= SOURCE DATA =

╔══

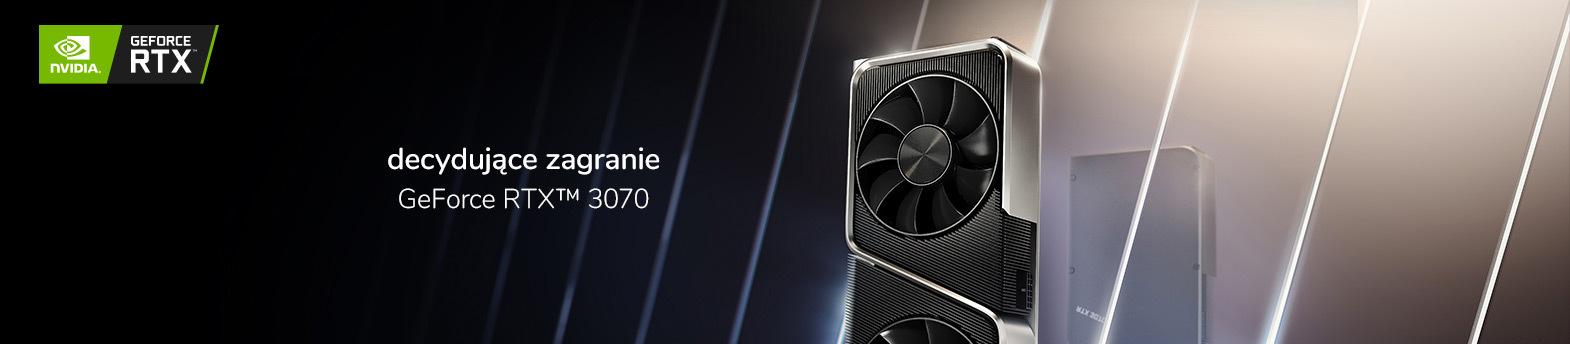 premiera GeForce RTX™ 3070
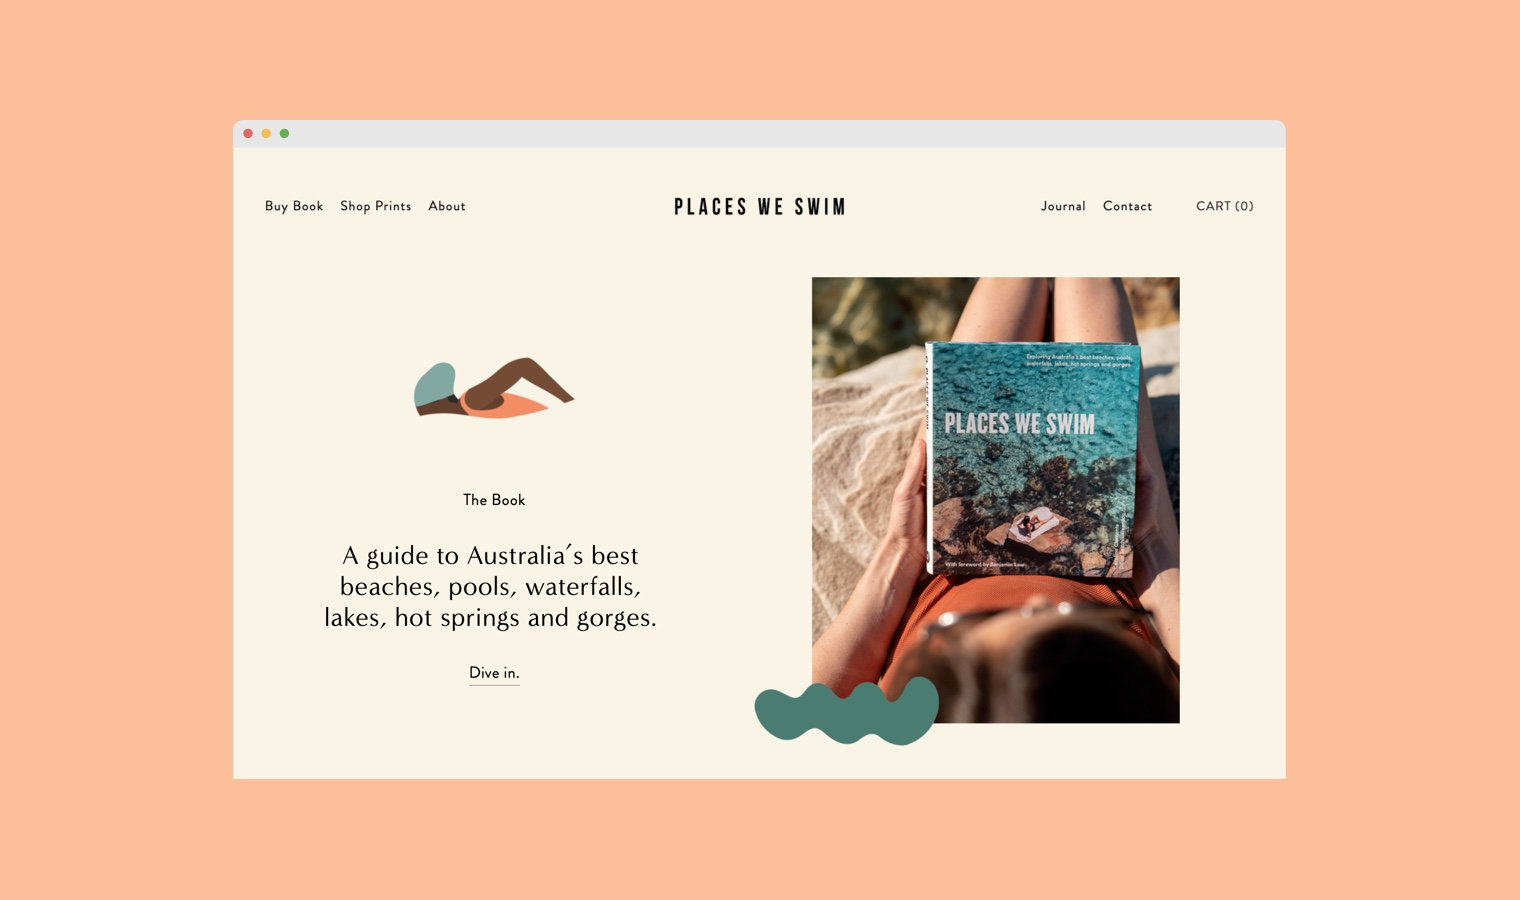 places-we-swim-book-ethical-design-agency-sustainable-brands-graphic-designer-sydney-byron-bay-bondi-melbourne-branding.jpg
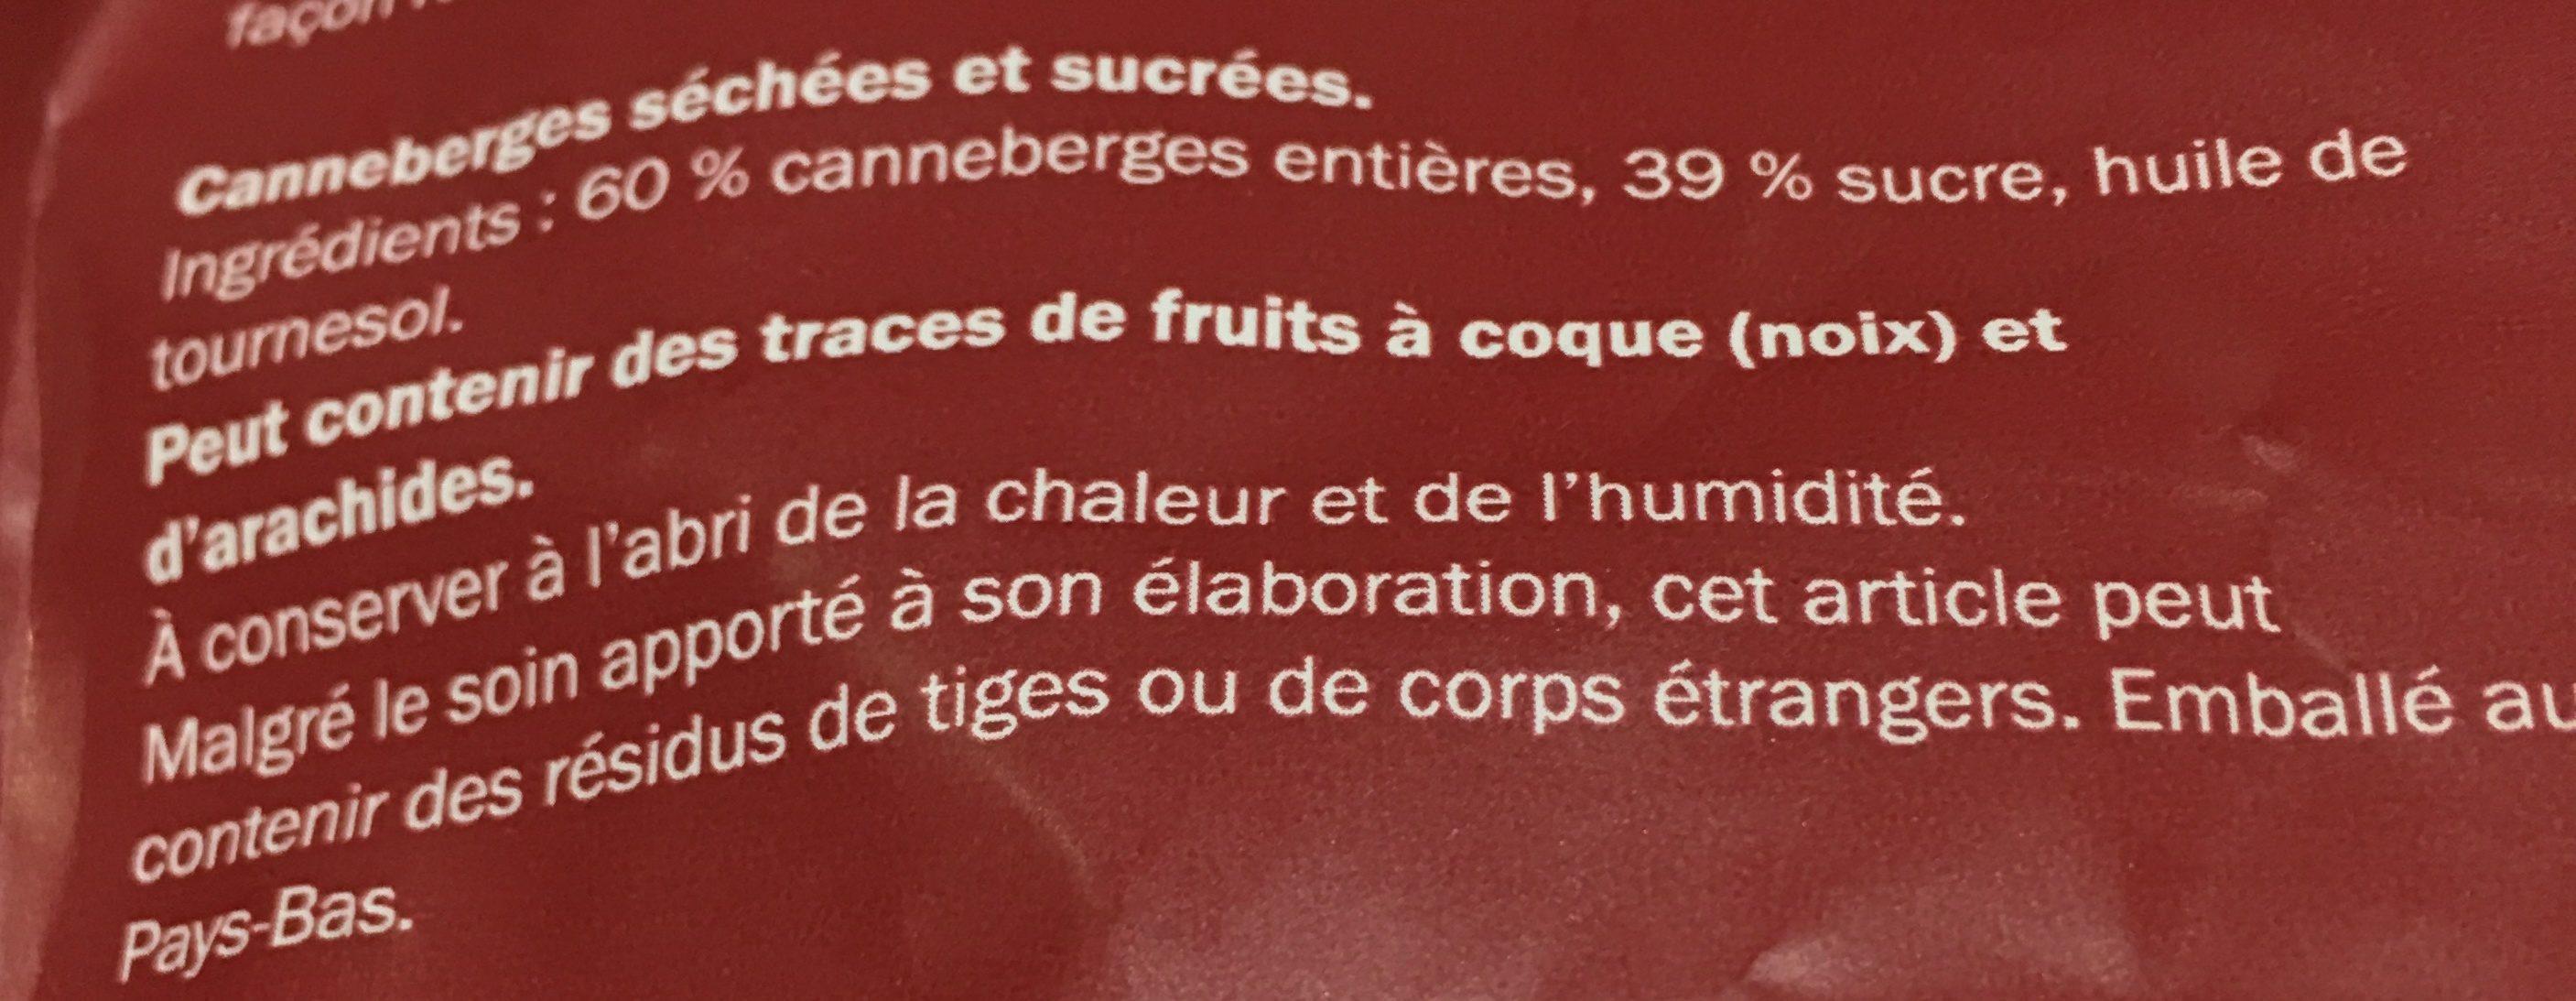 Canneberges (séchées/sucrées) - Inhaltsstoffe - fr

╚══

= ABOUT THIS EXERCISE =
Please write the data out again exactly, but do not carry over the pictures.

= OUTPUT OF THE EXERCISE =
 premiera GeForce RTX™ 3070
 places-we-swim-book-ethical-design-agency-sustainable-brands-graphic-designer-sydney-byron-bay-bondi-melbourne-branding.jpg
 Canneberges (séchées/sucrées) - Inhaltsstoffe - fr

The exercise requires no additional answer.